Hacker News new | past | comments | ask | show | jobs | submit login
Shell script mistakes (pixelbeat.org)
117 points by reinhardt on Nov 17, 2013 | hide | past | favorite | 34 comments



The single biggest shell script mistake is not handling whitespace in file names correctly, and it's almost impossible to do correctly if you have weird file names: embedded newlines, leading and trailing spaces, embedded tabs. Embedded quotes can be tricky too, especially if you're writing a script that generates a script.

That bit, writing a script that generates a script, happens surprisingly often in bash. It's cheaper to pipe a stream to sed that converts it into a shell command than it is to iterate over all the lines, and individually pluck out the arguments for the commands you want to execute. Leaving the script as something that outputs shell commands also lets you inspect what it does before committing to it (by piping it to bash).



The problem with file name is the main reason I use zsh.

    for fic in **/*(.); do
        doSomethingWith $fic
    done
will take way more time than using find, but will work even with files with stranges chars.


and another reason to use zsh is the incredibly nice looping syntax, for example, this is the same as

  for fic (**/*(.)) doSomethingWith $fic
I find the fact that it fits in a single line makes me much more likely to use it in everyday shell use.. though I'd still revert to bash for scripting


I find that after a shell script gets to be over 3 or so lines, it's easier to switch over to python or perl.
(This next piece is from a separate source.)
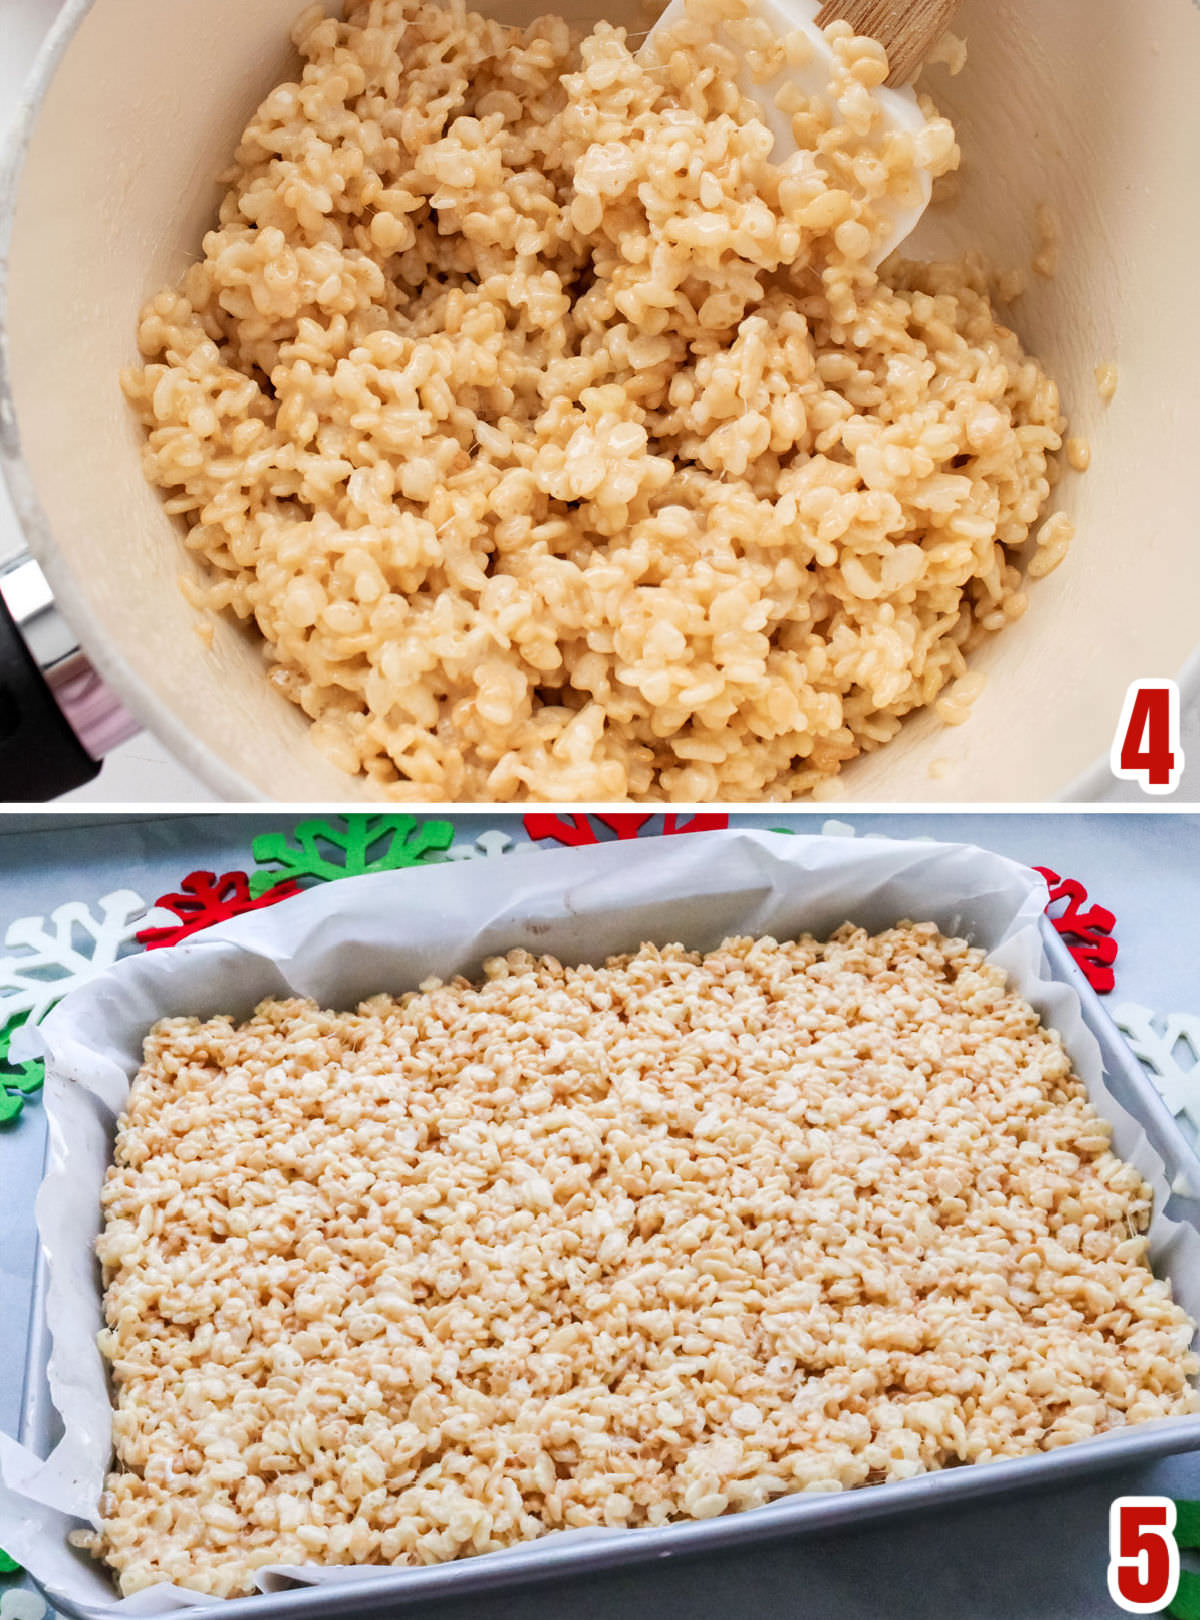 Collage image showing the steps for making the Rice Krispie Treat layer.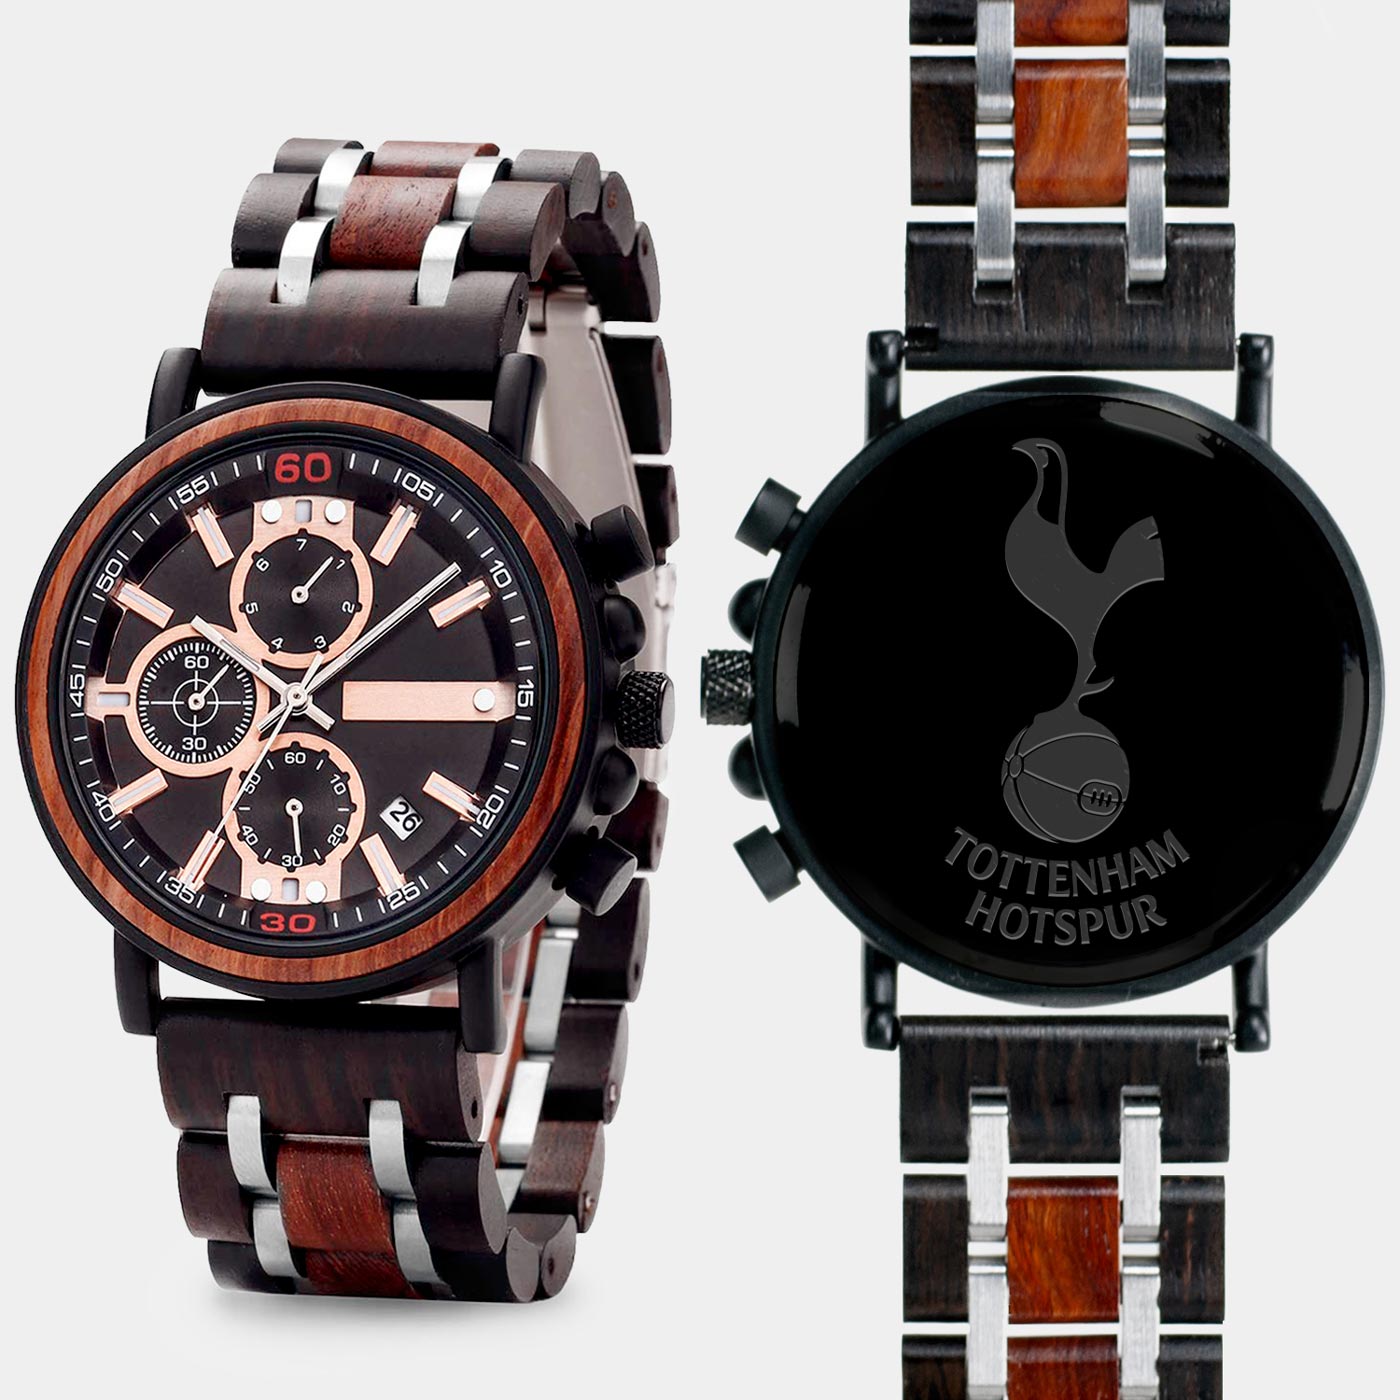 Tottenham Hotspur F.C. Mens Wrist Watch  - Personalized Tottenham Hotspur F.C. Mens Watches - Custom Gifts For Him, Birthday Gifts, Gift For Dad - Best 2022 Tottenham Hotspur F.C. Christmas Gifts - Black 45mm FC Wood Watch

Do others feel the same?


I don't agree with this. I love Perl, it's up there as one of my favourite languages (despite it's many short comings), but in my opinion shell scripts make more sense if you're writing scripts which depend upon a number of additional programs as the bulk of it's processing.

For me, the point at which Perl makes more sense is if your script requires more internal logic than it does depends on spawning other programs.

For example, if I'm writing a routine to auto snapshot ZFS / Btrfs volumes and delete any over a certain age, the script would be dependant on your file system CLI tools. So it makes more sense to have an 80+ line shell script than it does to write that in Perl / Python.

However if I was writing a routine which requires users inputting details, where those details need to be sanity checked and then stored some where (such as a database), then the core logic of that program resides within your script (where you'd have to read inputs, do your sanity checks and then write to the database). So a Perl or Python script makes more sense.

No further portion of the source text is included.